In yet a further embodiment, see for example FIG. 7, the holding
container 105 is formed as a single vessel or canister 220. A
conduit 214 is connected to the canister 220 such that the conduit
has an inlet located at a desired vertical height there within. The
canister can be filled with the volatile corrosion inhibitor
composition by an upper conduit 219 to a maximum volume as shown
after which any excess volatile corrosion inhibitor composition
overflows into the inlet of the conduit 214 and out of the canister
220. The conduit inlet can be positioned at a location in the
canister such that a desired volume of volatile corrosion inhibitor
composition can be present.
The dispensers, i.e. containers 105 and conduits 214 can be
supported in or on the structure 100 by any suitable components.
One dispenser can have the same or different volume than another
dispenser, even if the same type, e.g. two holding containers.

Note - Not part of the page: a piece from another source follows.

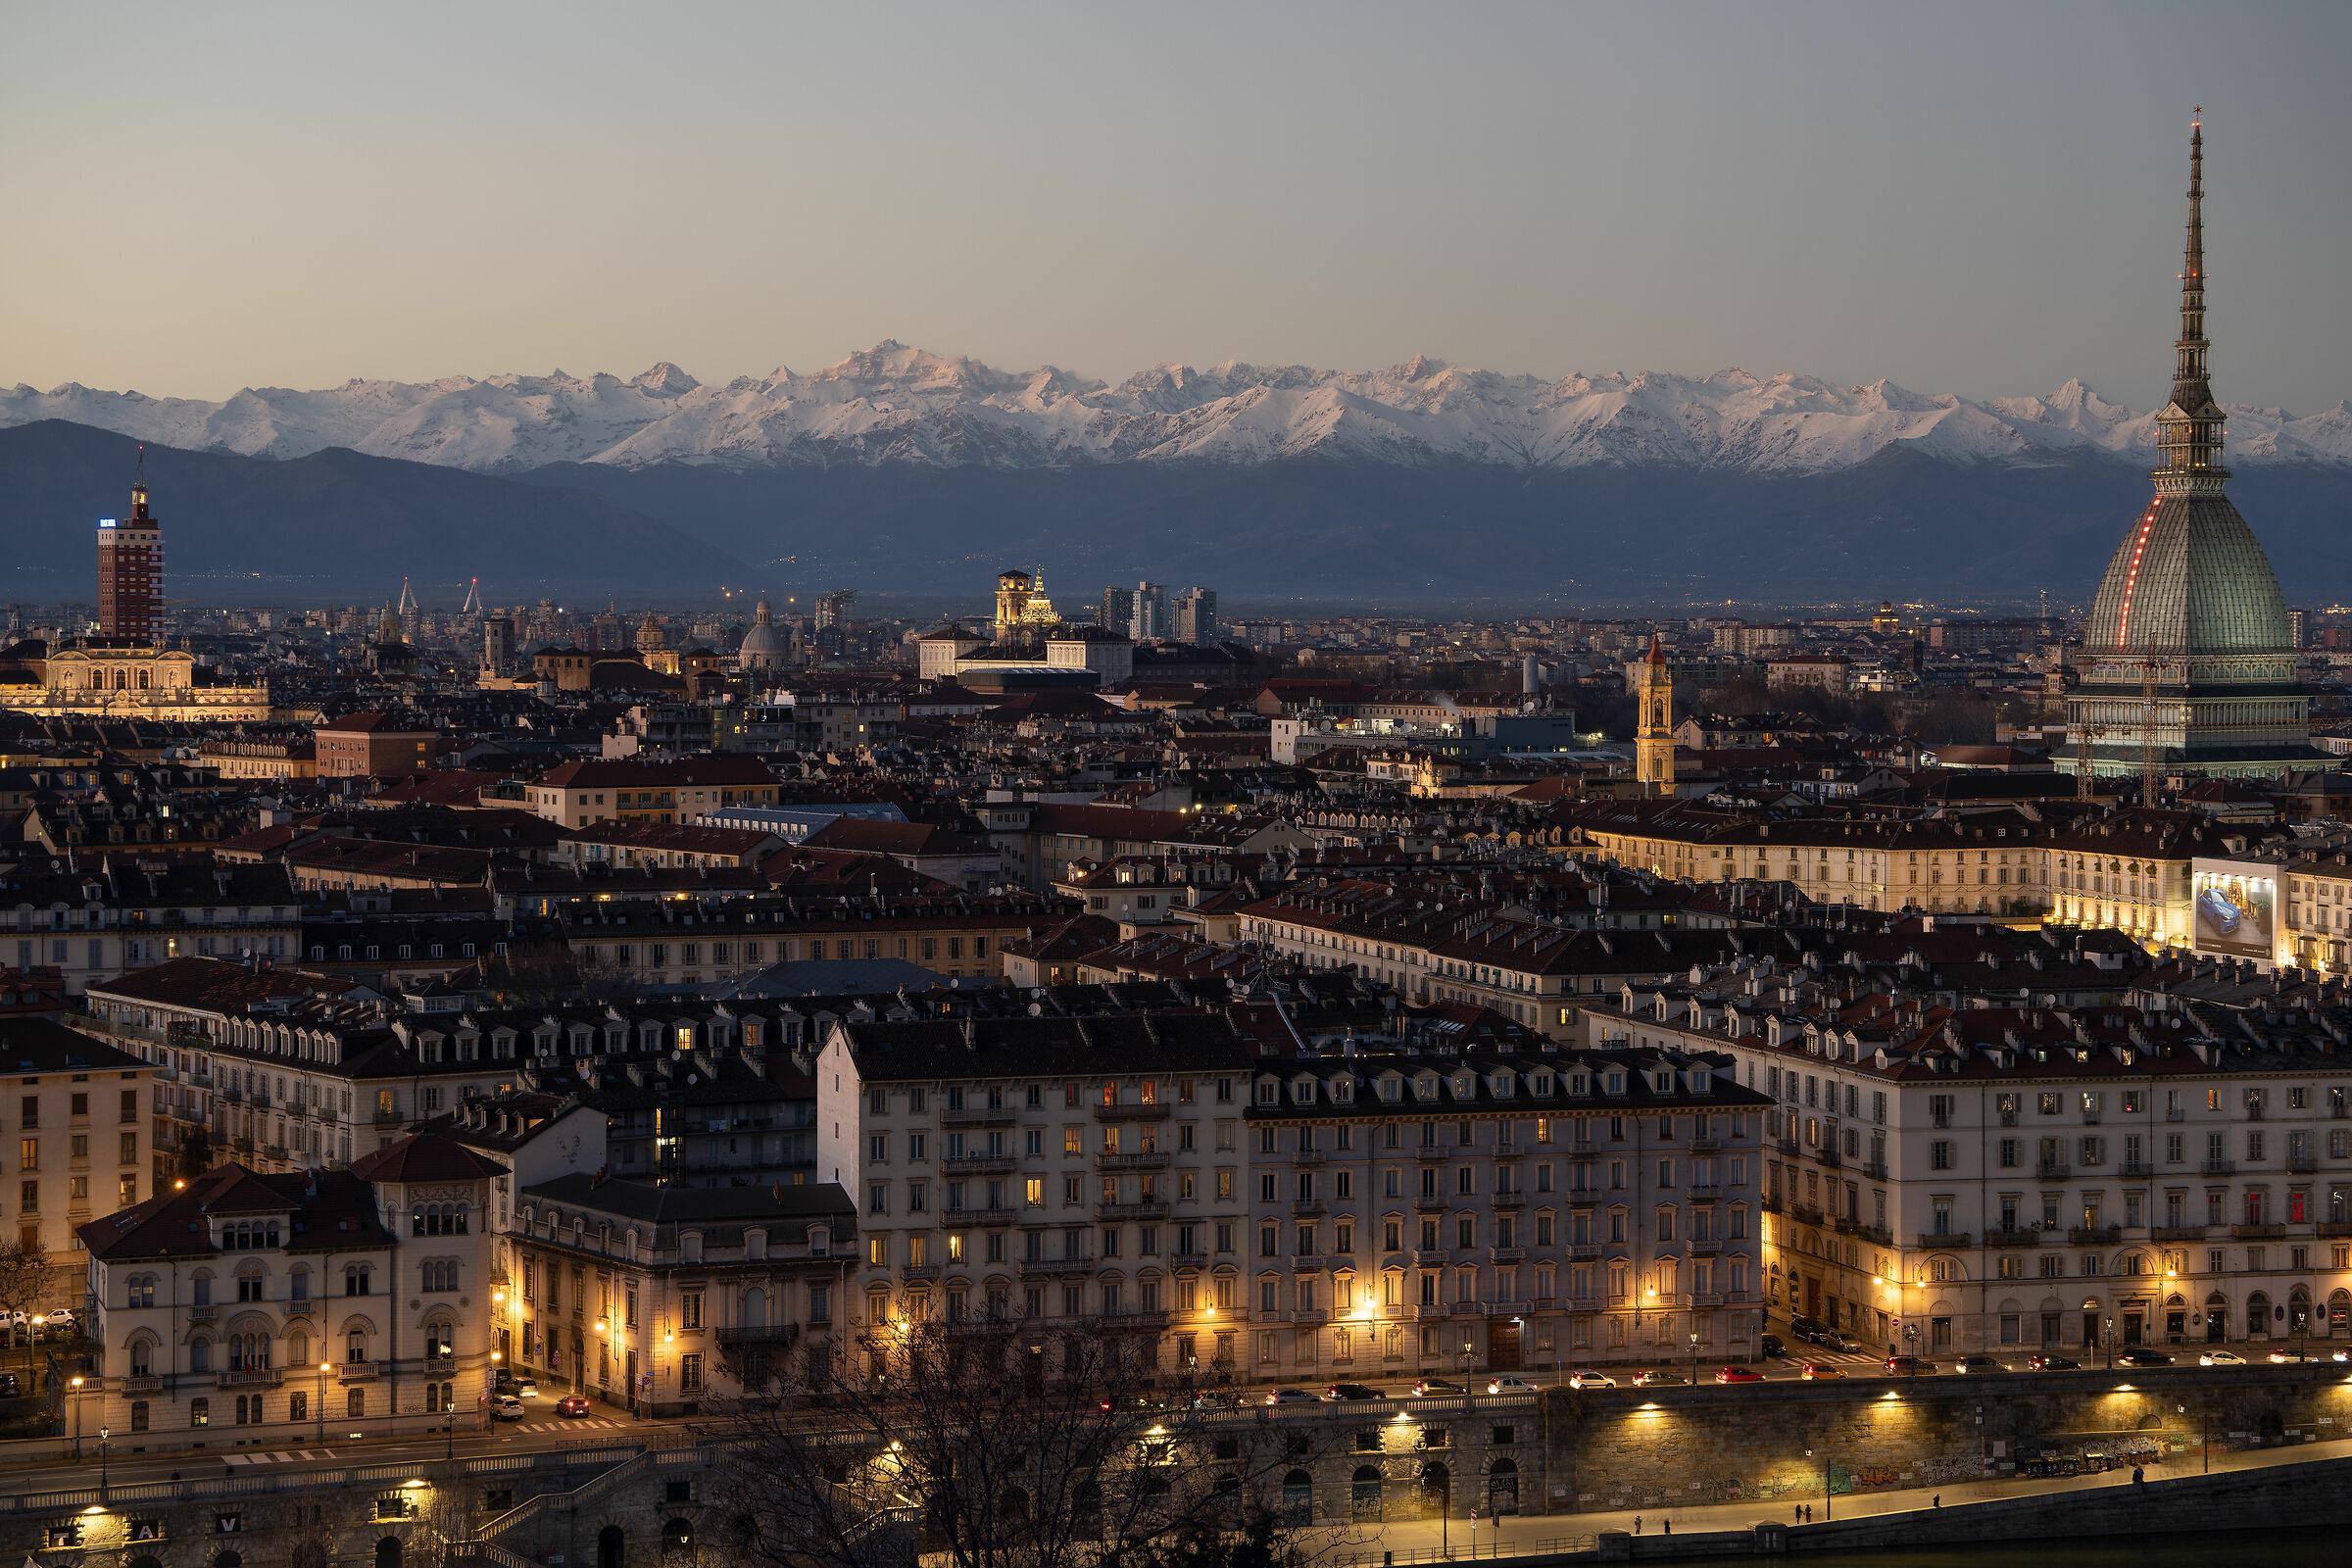 Via lo smog da Torino...
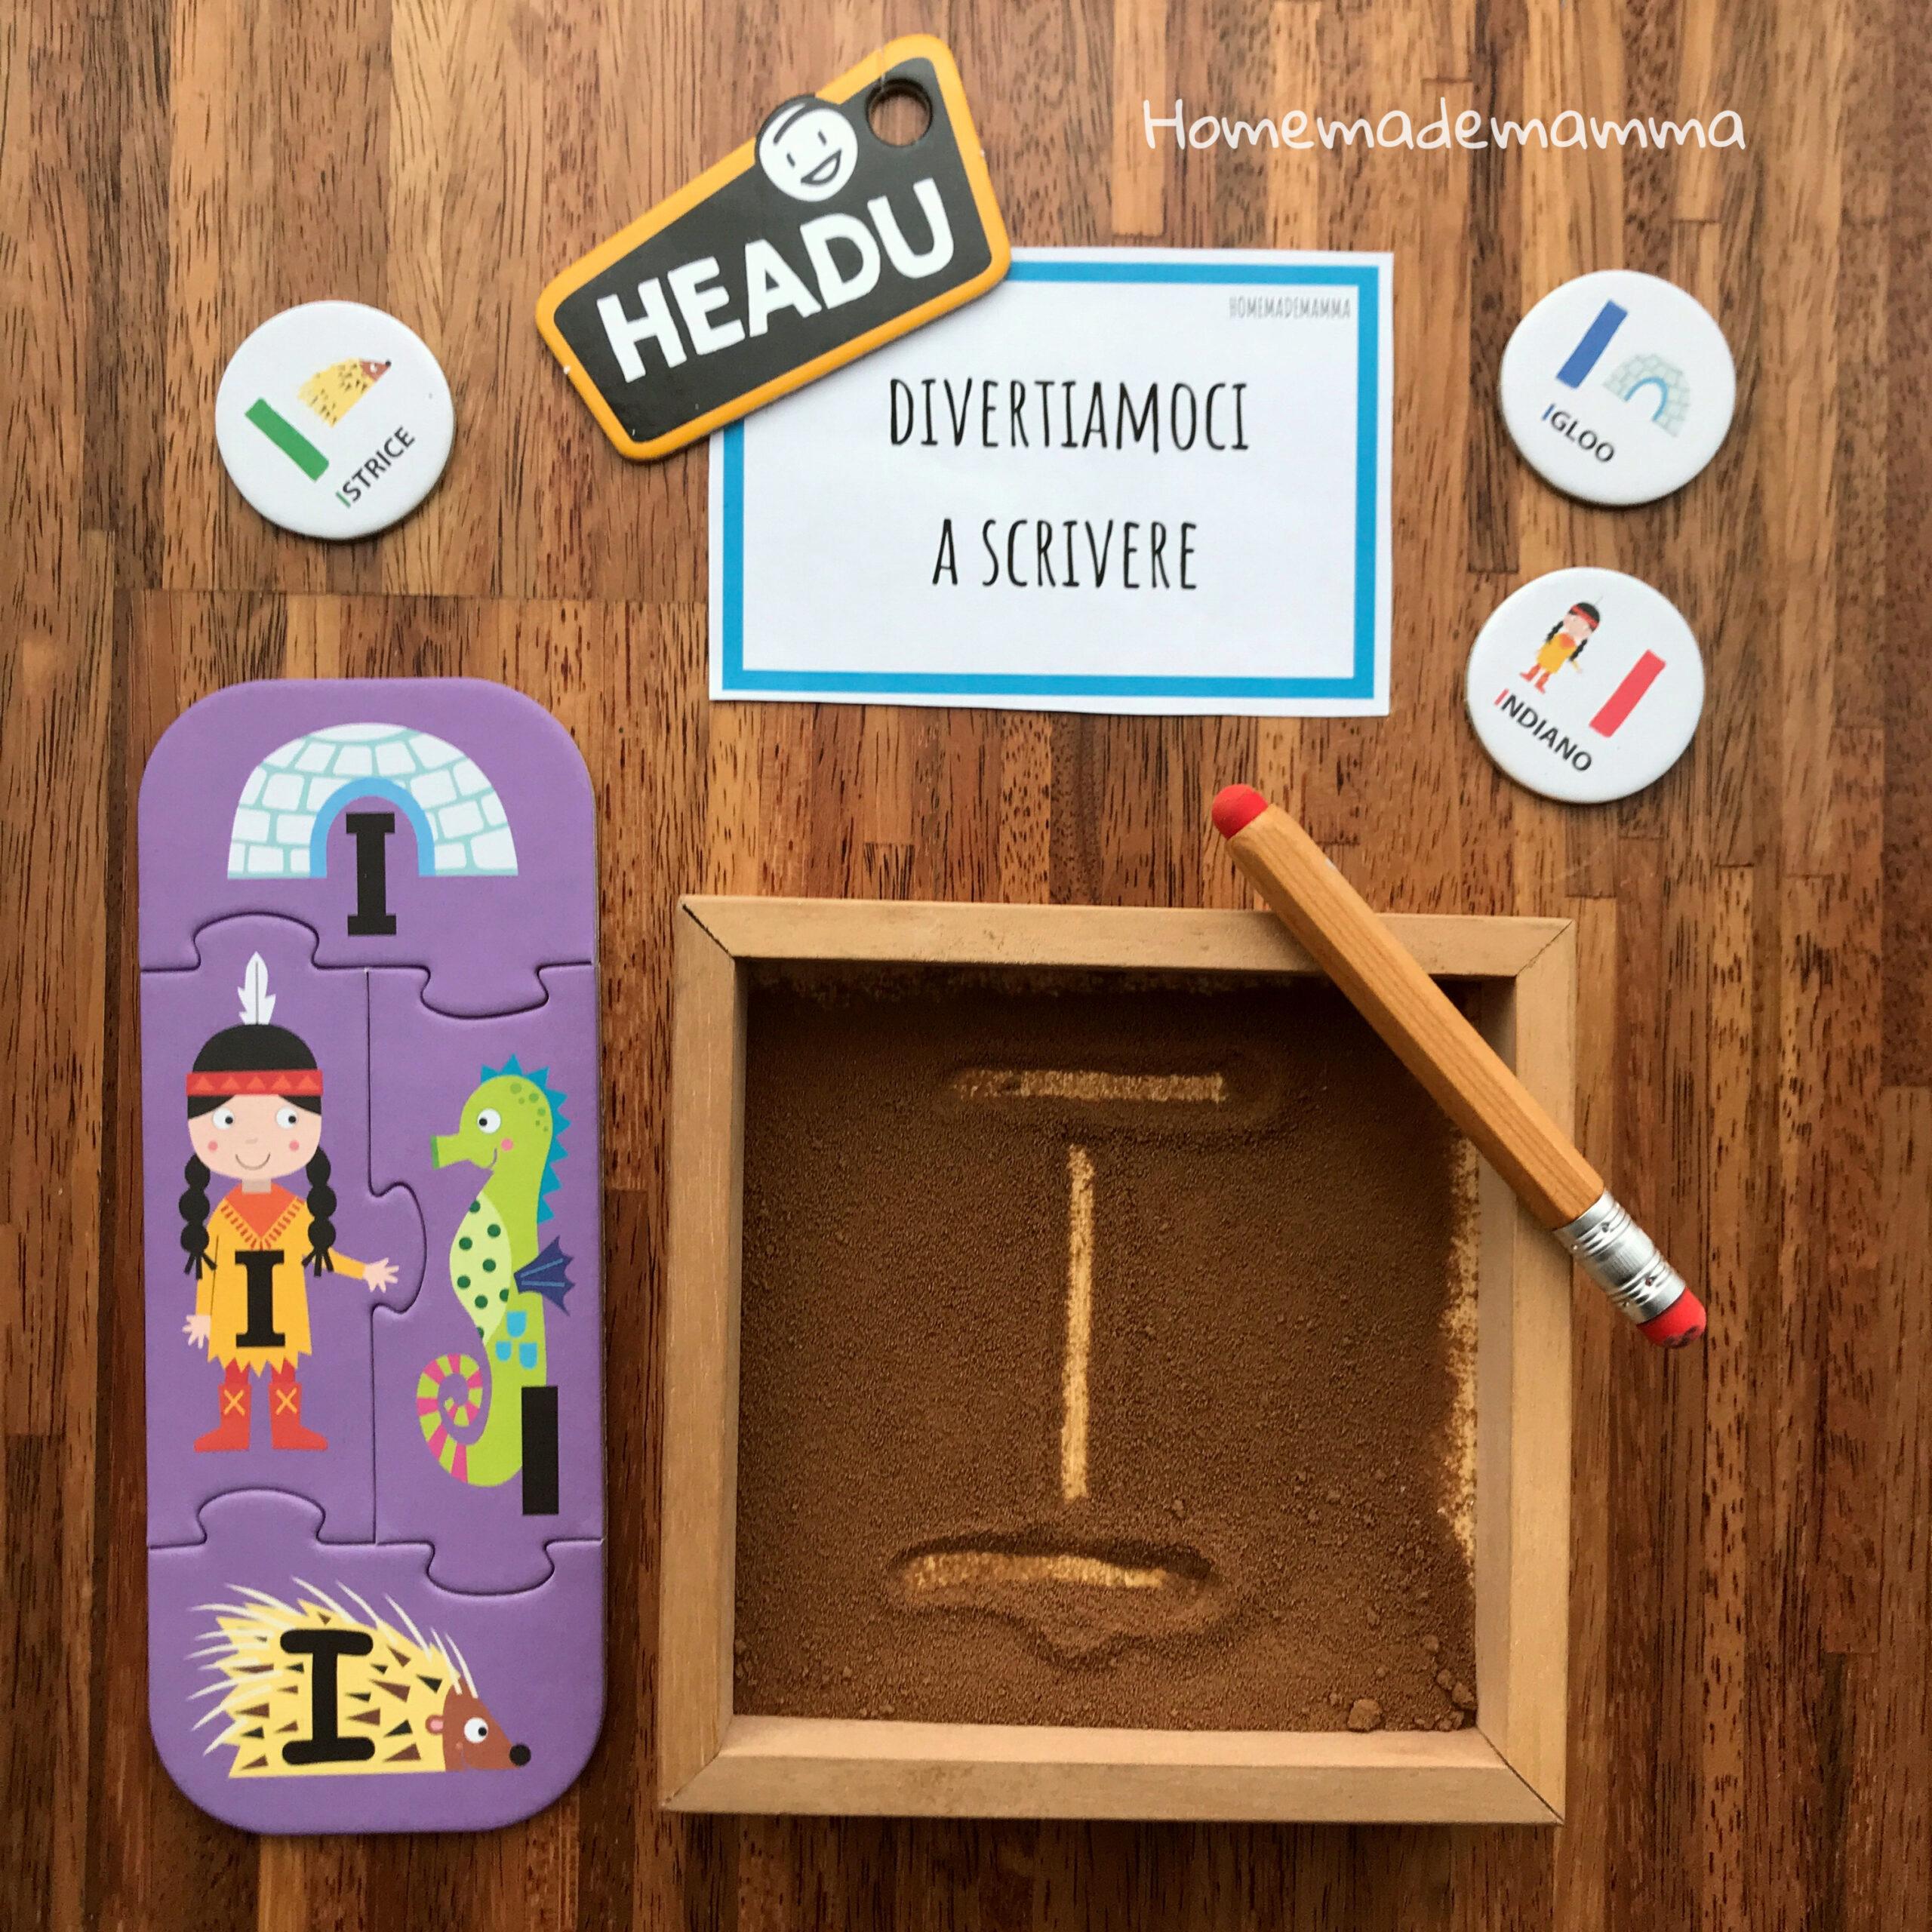 Headu allegre vocali gioco bambini come si gioca idee

In a
useful embodiment, a first, upper holding container has a volume
less than a lower, second container, and a third container has a
volume greater than the second, and so on. In a useful embodiment a
cable or ladder system is used to support the dispensers. One or
more cables 204 are extended along the structure, generally a
portion of the vertical length thereof. A dispenser or other
component of the corrosion management system 10 can be directly or
indirectly connected to the cable 204, such as through a support
bracket 207, which as shown in FIG. 3 is situated under container
105. In some embodiments, a weight 203 can be used to assist with
proper or desired placement of the corrosion management system 10
components within the structure 100. The weight 203 can be located
at the lower end, of the corrosion management system in one
embodiment, such as shown in FIG. 1.
At the upper end of the corrosion management system 10, the cables
204 or other support can be connected by any suitable
infrastructure to the vertically oriented structure 100, for
example by a hanger bracket 202 to well head 103. If it is desired
that the holding containers 105 or other dispensing devices be
movable within the structure 100, the cables can advantageously be
connected to a suitable winch or other height adjustment
mechanism.
In view of the structure described, the corrosion management system
can be utilized in one embodiment as follows. After the selected
substantially vertical structure 100 is selected and assessed to
determine the desired level of corrosion protection required, the
corrosion management system, is assembled to include a
predetermined number of dispensers. The structure 100 is then
fitted with the corrosion management system 10, with the dispensers
being located at different vertical heights on the structure 100,
see FIG. 1 for example. The volatile corrosion inhibitor
composition flows or is pumped out of the tank 221 through a
conduit into a first holding container 105. Once the holding
container 105 is filled, any excess volatile corrosion inhibitor
composition then flows out of the container 105 and into a second
container 105 located at a vertical height below the first
container 105 through a further conduit 214. Each of the containers
present is preferably filled with the volatile corrosion inhibitor
composition. The volatile corrosion inhibitor composition is
dispersed within or to one or more portions of the structure 100
along at least a vertical length thereof. As described herein, the
volatile corrosion inhibitor composition can be dispersed directly
from the holding container as portions thereof are exposed to the
ambient atmosphere. The volatile corrosion inhibitor composition
can also be dispersed from any conduit including apertures and
wicks present. The tank 221 can be maintained and refilled as
desired to impart a desired level or amount of volatile corrosion
inhibitor composition to the structure 100.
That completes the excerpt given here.